KOPARSA KOPSUN HAVASI
Hükümet şu havada: ‘Koparsa kopsun.’ Hükümetin beklentisi, heyetimize müdahale edince bizim İmralı’ya gitmememizdi. Bence Başbakan, adım atmasa da Öcalan’ın, PKK’nın süreci bozmayacağına güveniyor. İkincisi, PKK ile, Kürt tarafı ile gerilim, tansiyon seçim stratejisinin parçası olacak, bunun yatırımlarını yapıyor. ‘Kış koşullarında çatışma olmaz, seçim arifesinde ateşkes olur.
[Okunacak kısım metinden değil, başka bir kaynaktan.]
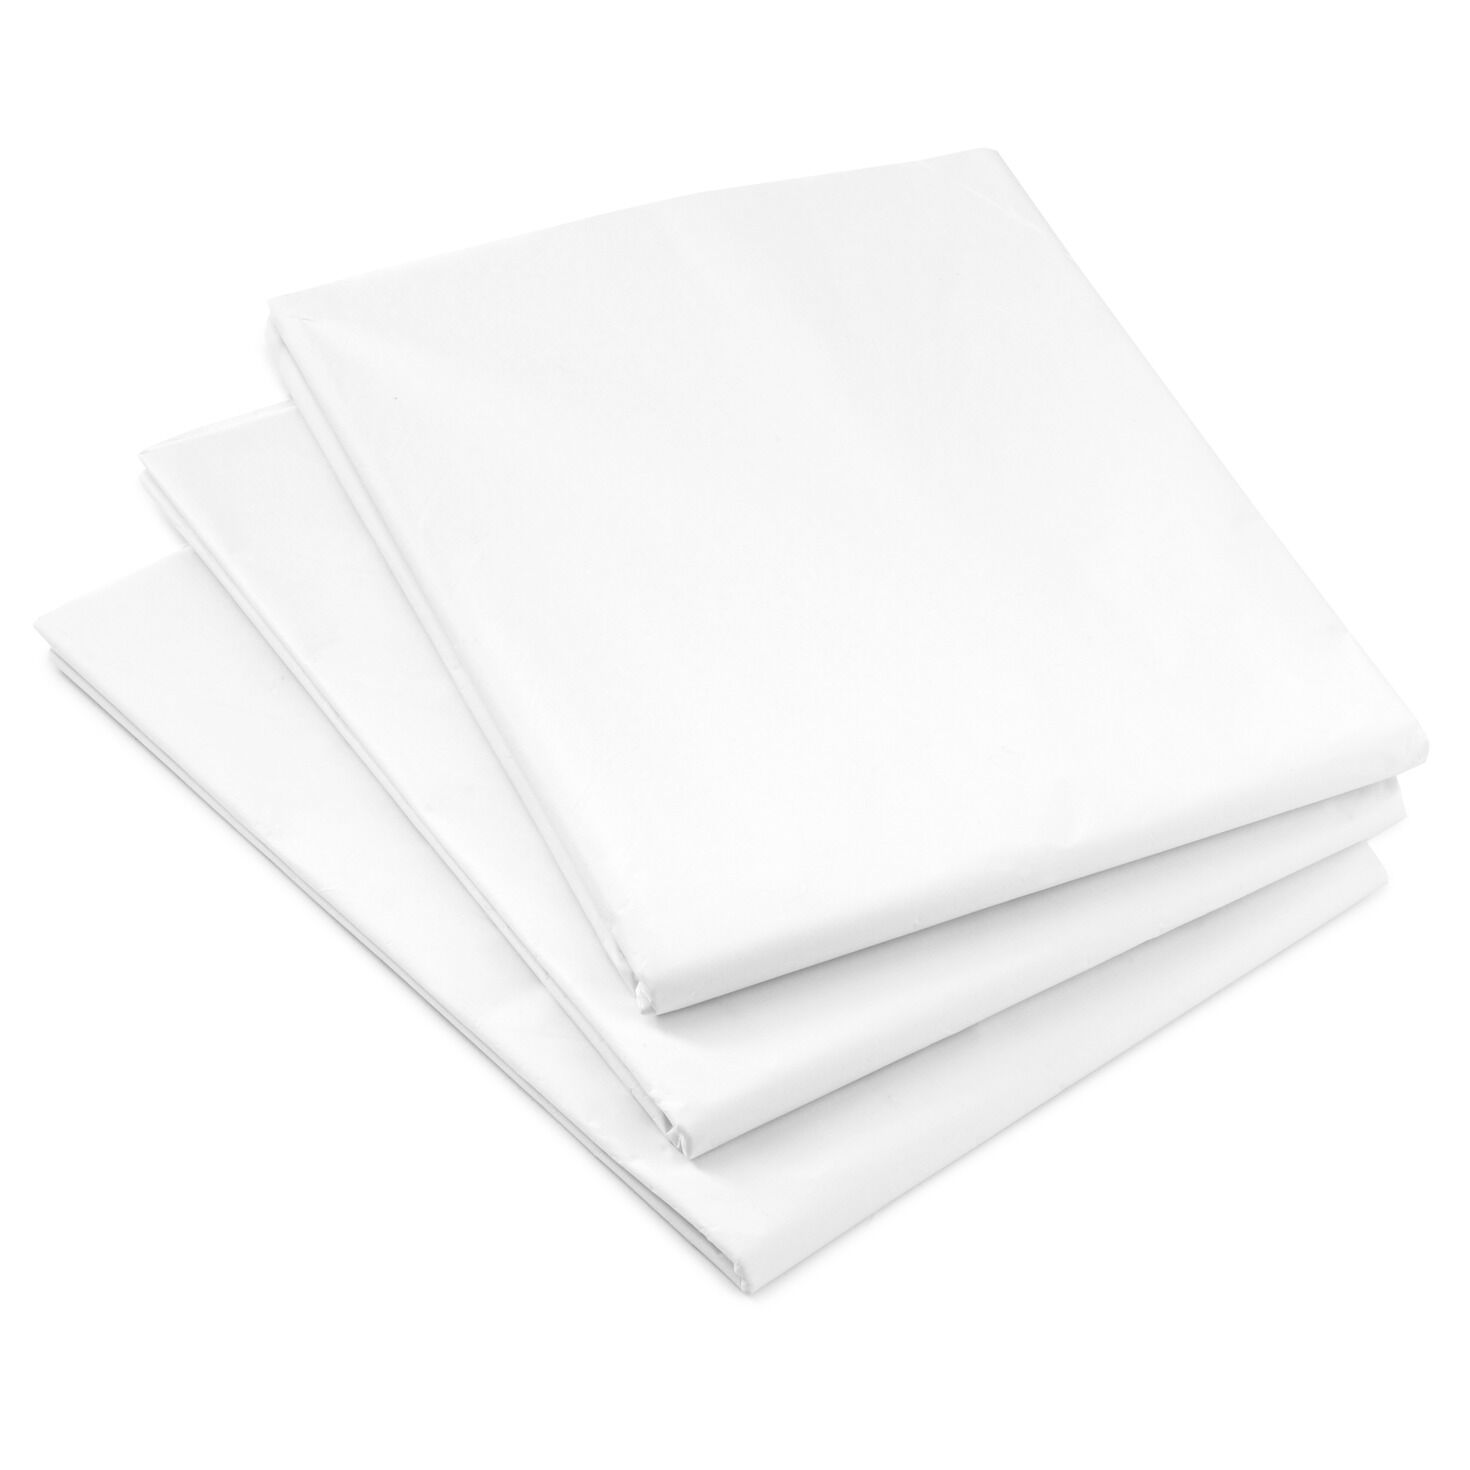 480 Sheets White Tissue Paper Free Shipping!!! 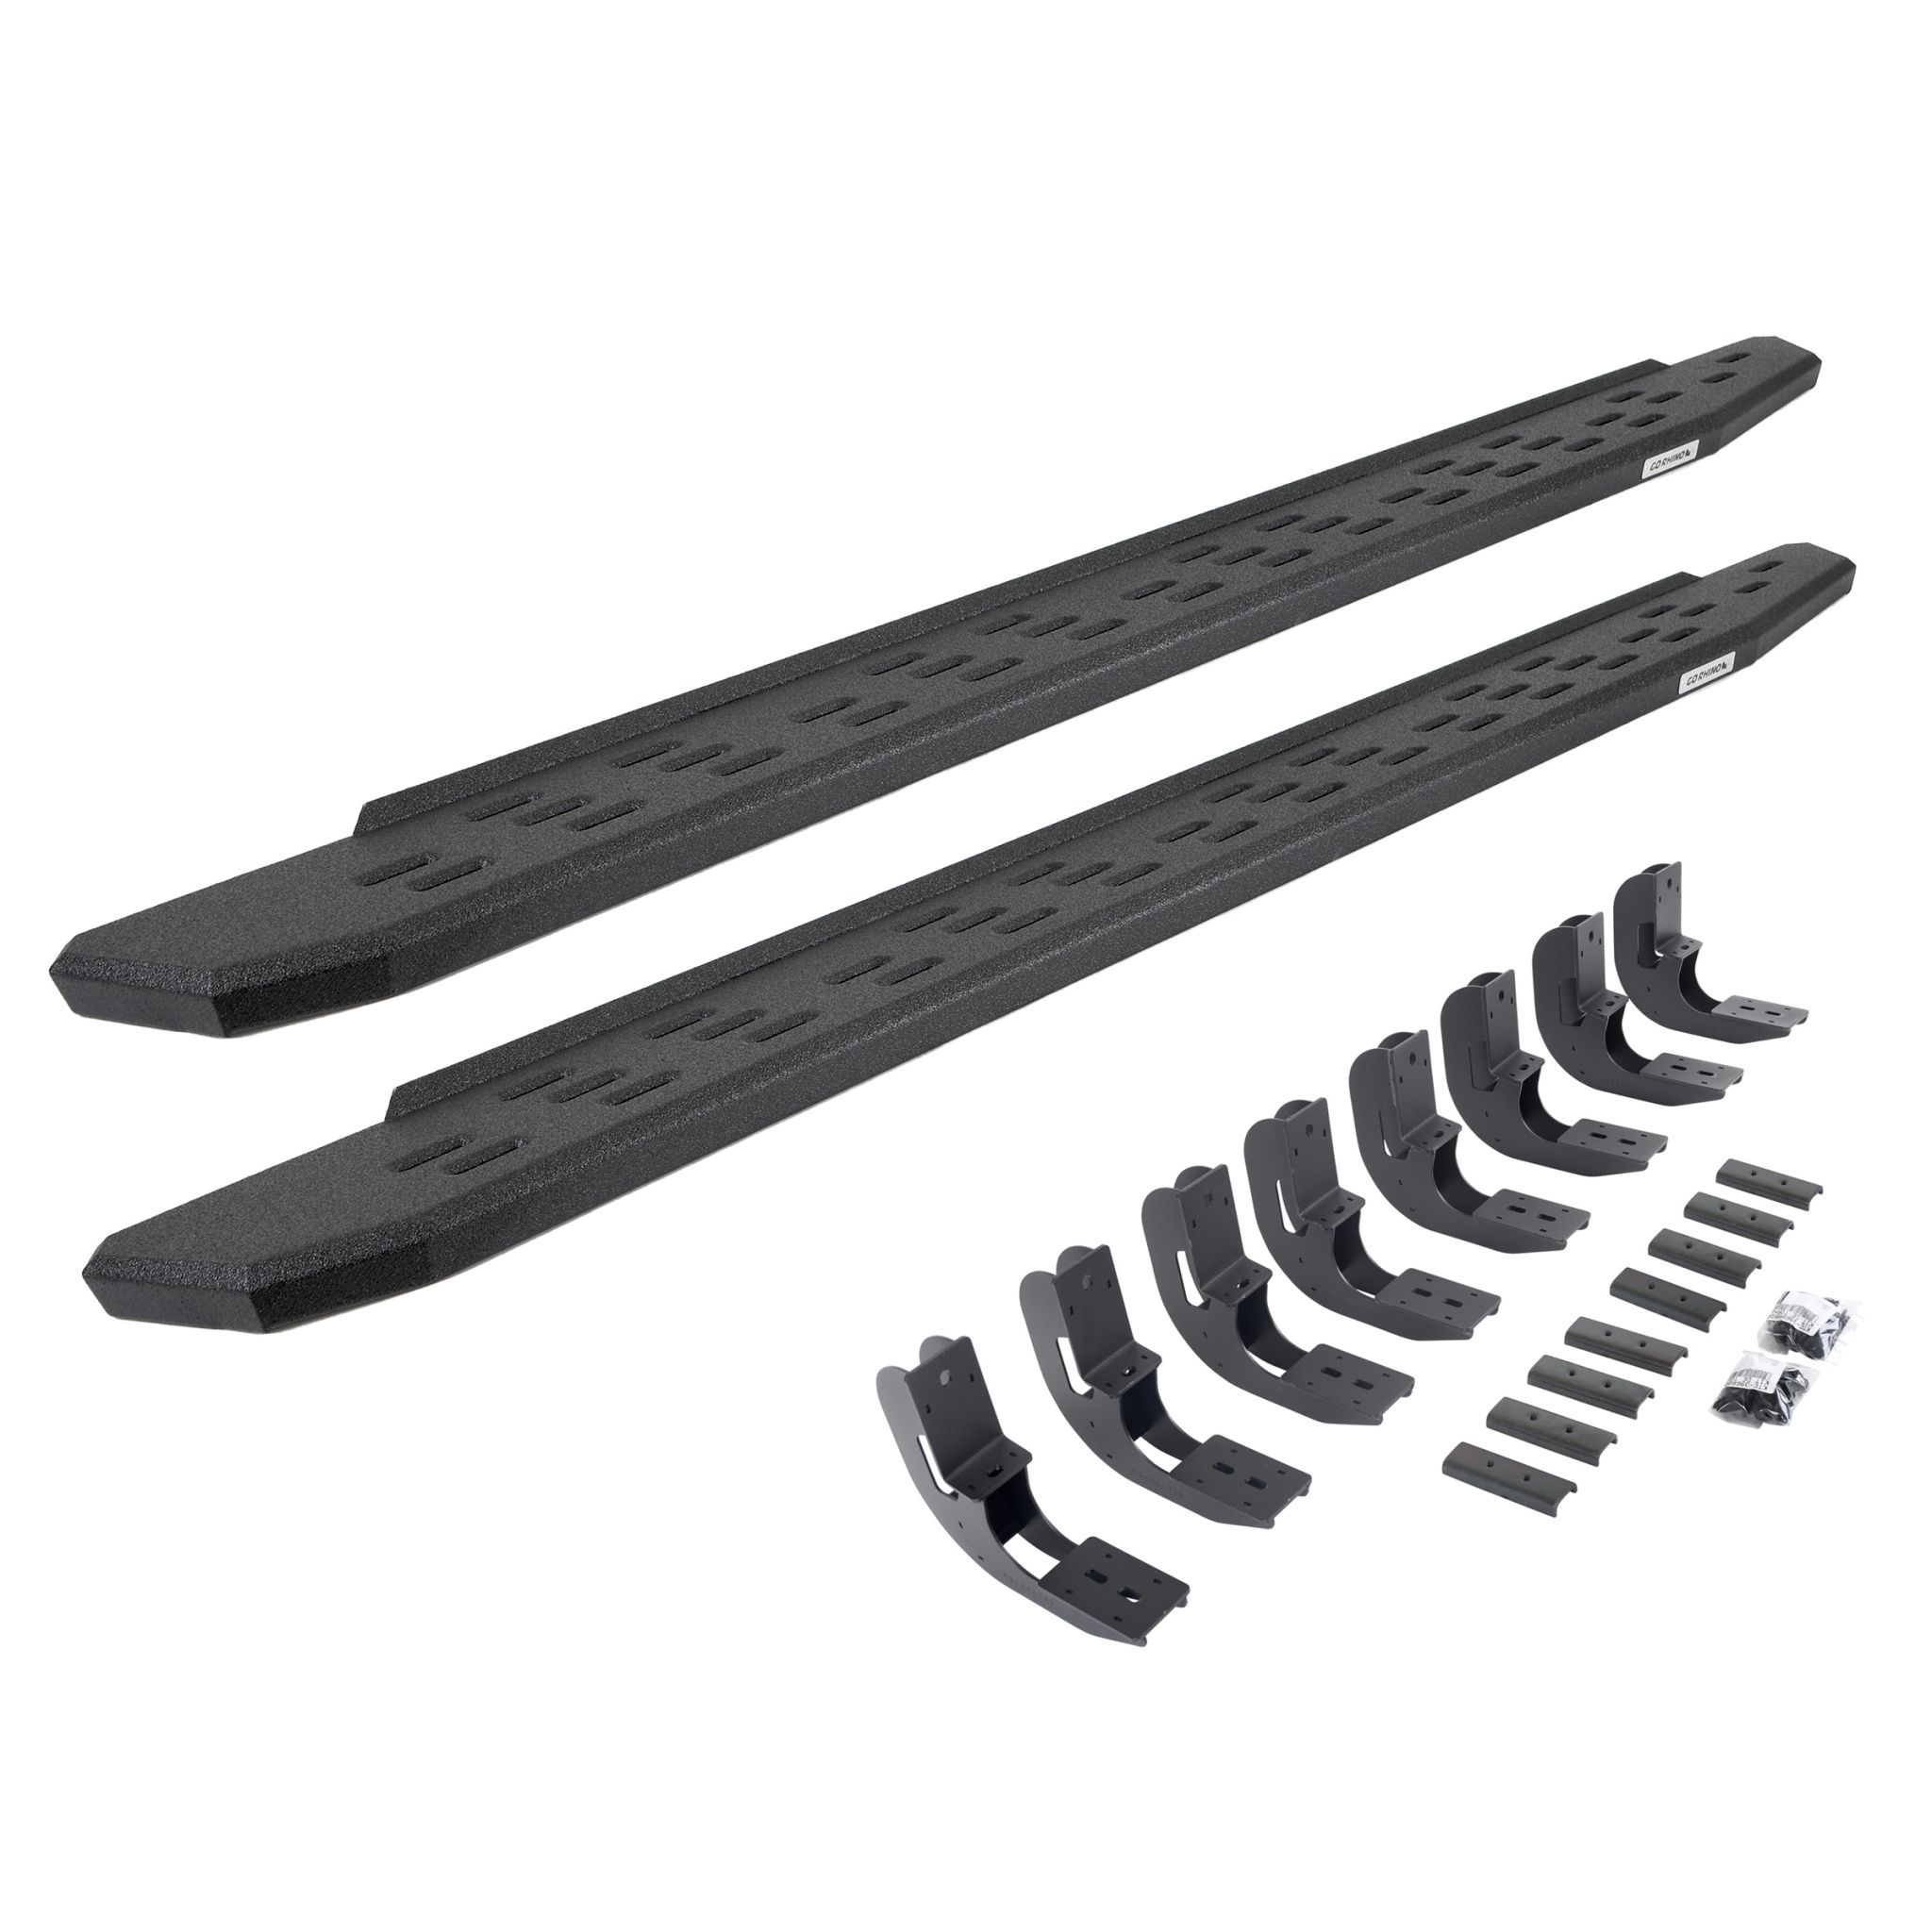 Go Rhino 69604880T - RB30 Running Boards with Mounting Bracket Kit - Protective Bedliner Coating

Seçime kadar kotarırız, sonra da bakarız’ gibi düşünüyor olabilir.”
BAŞBAKAN İMRALI'YA GİTSİN
“Öcalan ‘geri çekileceğim’ gibi kavramları çok sık telaffuz etmiyor ama, biz hissediyoruz ki kendisi de çabasının, umutlarının sonuna doğru geliyor. Hep pozitif mesajlar veriyor. Çünkü hükümete şans tanımak istiyor. Hükümet de bunu ‘Öcalan bize mecbur’ gibi algılıyor. Devlet heyeti de iyi biliyor ki, durum öyle değil. Keşke Başbakan’ın kendisi gidebilse... Samimi söylüyorum. Bu ülkenin Başbakanı’dır. Cezaevinde herhangi bir mahkumla görüşme hakkı yok mu, bu ters bir şey midir? Koskoca süreç yürüyor. Gitsin bir defacık görüşsün, yüz yüze tartışsınlar. Çok şeyin değişeceğini düşünüyorum. Ama Öcalan’ın ama Erdoğan’ın karşılıklı birer adım atacaklarını düşünüyorum.”
SEÇİM ÇALIŞMALARI
BDP Eşgenelbaşkanı Demirtaş, CHP ile resmi temas olmadığını ancak Meclis kulisinde, kadrolarda tartışmalar yapıldığını ifade edere, “İlkesel çerçevede ittifakları da tartışırız. Kimse sadece CHP ittifakı olarak da düşünmesin” dedi. Demirtaş, HDP konusunda şunları söyledi:
“HDP Türk partisi, BDP Kürt partisi şeklinde dizayn edilmiş değil. HDP’yi de sol güçlerin bir kısmı ile ittifak olarak değil, İslami, liberal çevreler, çevreciler, kadın hareketleri, sosyal demokratlar, sosyalistlerle ilkeler çerçevesinde ortak platform, AKP ve CHP dışında üçüncü bir alternatif olarak görüyoruz. BDP de bunun parçasıdır. Seçime bazıları tüm Türkiye’de HDP ile girelim fikrini savundu, bazıları sadece BDP ile bazıları da iki parti ile. Ağırlık iki parti ile olunca karar da öyle çıktı. Ben iki parti ile girmenin başarılı olabileceğini düşünmüyordum ama, zaten partinin konsensüsleri, ağırlıklı olarak aldığı karar benim savunduğum karardır sonuçta. Eşbaşkanlar olarak biz o kararları hayata geçirmekle mükellefiz.”